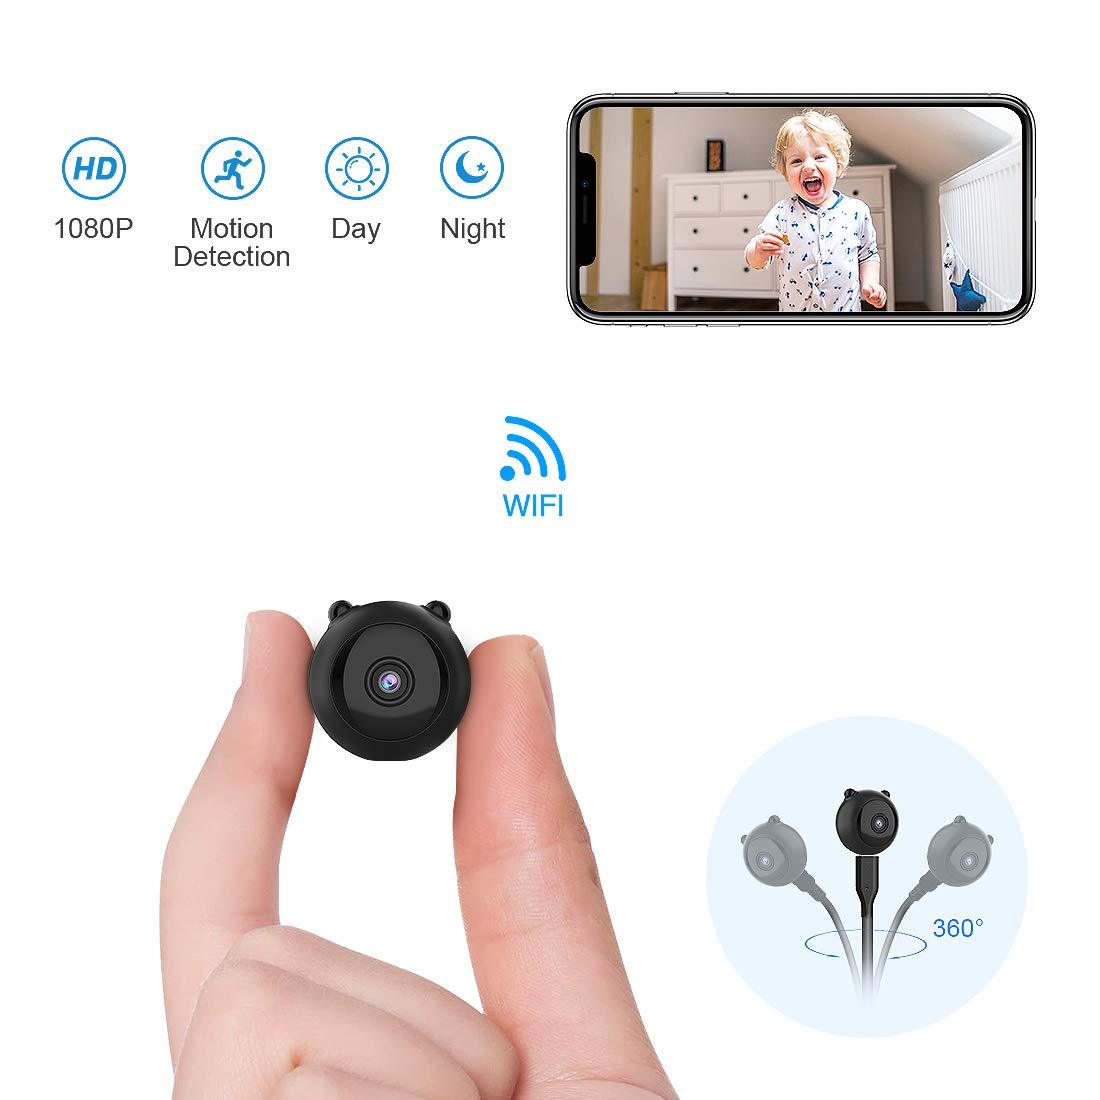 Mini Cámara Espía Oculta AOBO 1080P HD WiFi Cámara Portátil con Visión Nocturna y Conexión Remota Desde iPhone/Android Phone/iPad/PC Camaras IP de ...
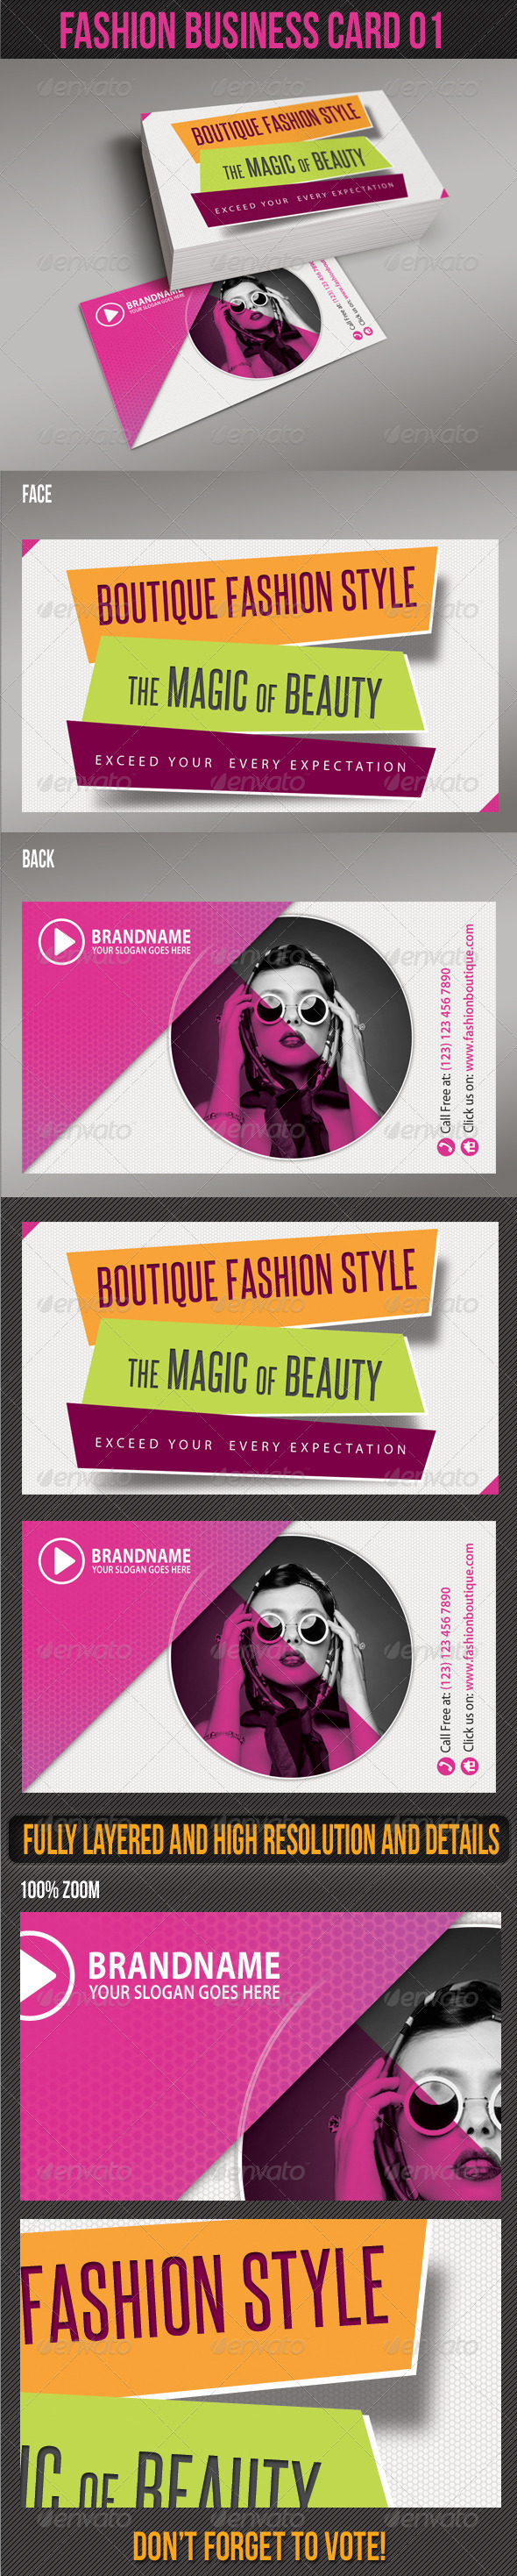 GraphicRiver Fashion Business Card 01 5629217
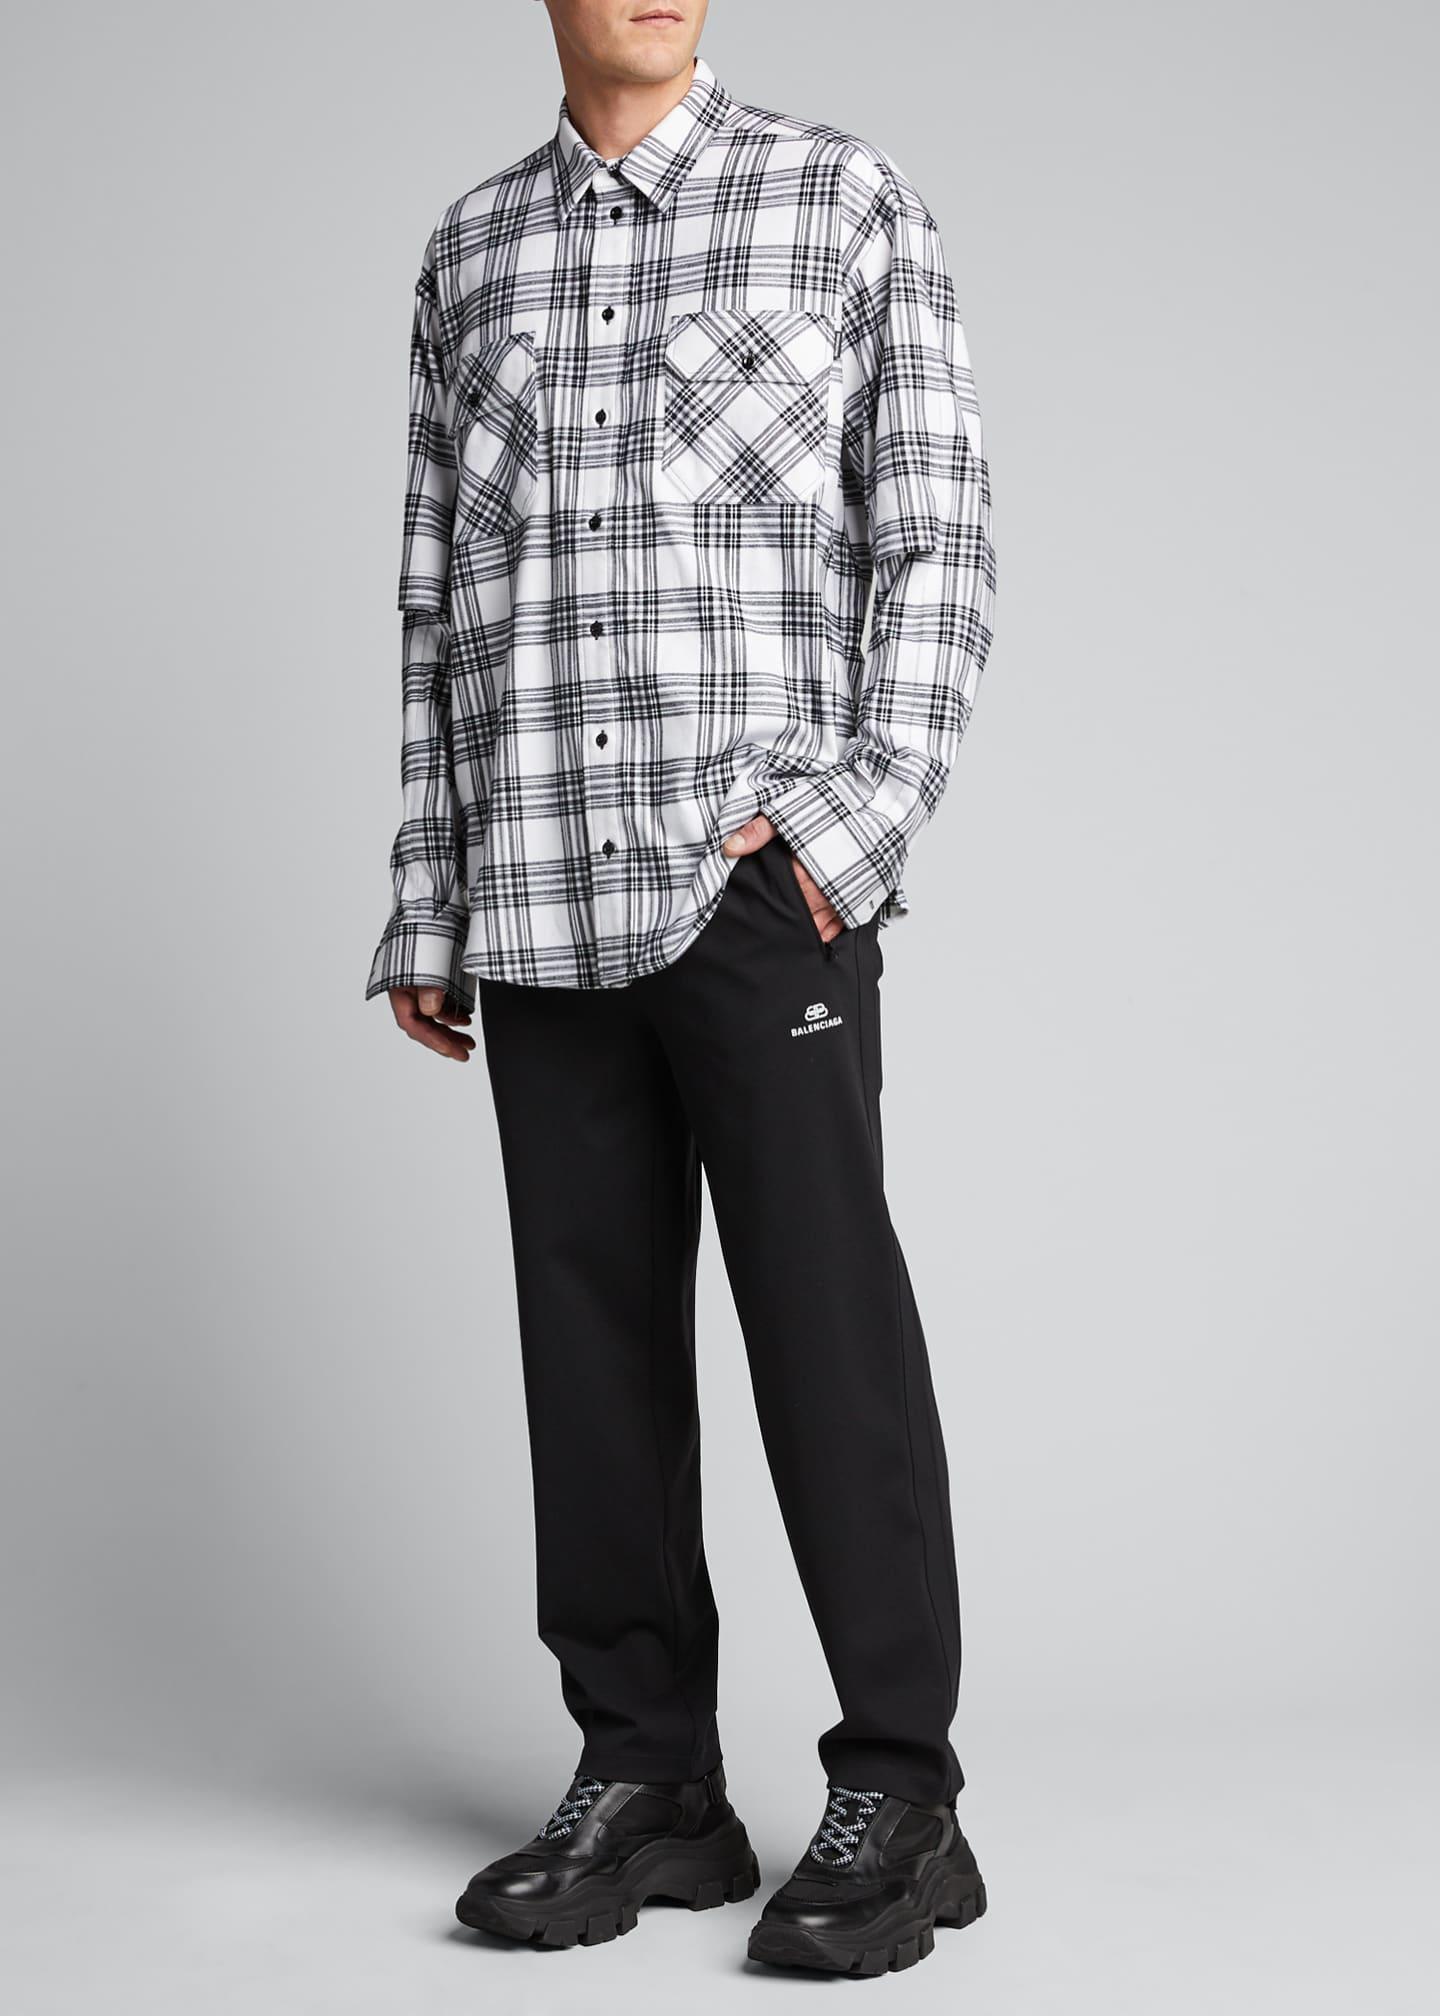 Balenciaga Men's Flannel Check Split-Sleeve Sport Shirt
┄┄┄┄┄┄┄┄┄┄
:: EXERCISE PROMPT ::
All of the material should be written out again exactly, apart from the pictures.

:: TASK SOLUTION ::
 Mini Cámara Espía Oculta AOBO 1080P HD WiFi Cámara Portátil con Visión Nocturna y Conexión Remota Desde iPhone/Android Phone/iPad/PC Camaras IP de ...
 GraphicRiver Fashion Business Card 01 5629217
 Balenciaga Men's Flannel Check Split-Sleeve Sport Shirt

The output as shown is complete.